The Novel Prize will be awarded to an author whose work is innovative and expands the possibilities of the form. It offers US $10,000 to the winner in the form of an advance against royalties, and simultaneous publication of their novel in Australia and New Zealand by Giramondo Publishing, in the UK and Ireland by the London-based Fitzcarraldo Editions, and in North America by New York’s New Directions.
Professor Ivor Indyk, founding editor and publisher of Giramondo Publishing, said: ‘The Novel Prize collaboration with Fitzcarraldo and New Directions is a reflection of the growing importance of international small-press collaboration. It is a flexing of the muscles if you like, a declaration that, though we are firmly rooted in our regions, and operate on a small scale, we also have a global reach.’

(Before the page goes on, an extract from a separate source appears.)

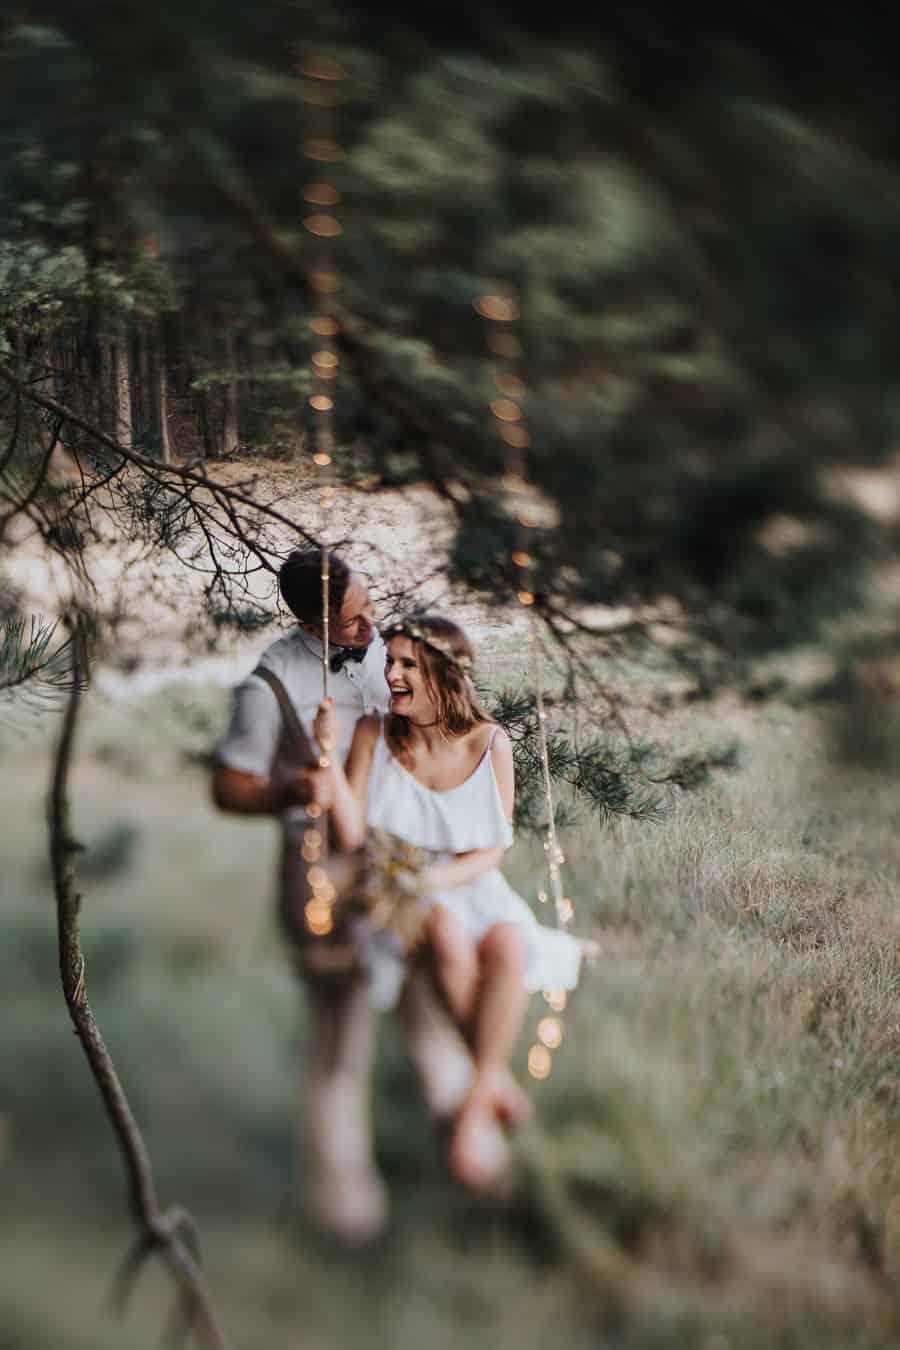 Rustykalna sesja narzeczeńska w lesie, sesja na huśtawce, tilt shift

This is not Giramondo’s first international collaboration. As well as publishing numerous literary works in translation, Giramondo has been involved for many years in literary exchanges with China through the Writing and Society Research Centre at Western Sydney University, and more recently with South America. The publisher also shares a stand at the Frankfurt Book Fair with six international literary publishers from China, Argentina, Spain, Italy, France and the US.
Finding audiences internationally when there’s none at home
The Novel Prize appears well-positioned to address the small readership of literary fiction in Australia as a collaboration between publishers that are known for genre-bending and adventurous books with understandably modest commercial ambitions.
‘If you ask me how literary publishing is going, I would have to say that it is more and more difficult, because our readership, which has always been small, seems to be getting smaller,’ said Indyk.
‘For us, the possibility of surmounting the limitations of the local publishing scene is through international collaborations with like-minded publishers in other and more adventurous countries.’
Indyk sees this form of international collaboration ‘as a way of breaking through the conservatism of the Australian publishing scene’.
He continued: ‘Some countries – the Latin American countries for example – have a much stronger tradition of innovative literary writing than we have. At the same time, there is now a lively market for literary translations among small presses, and we have been actively involved in this,’ he said.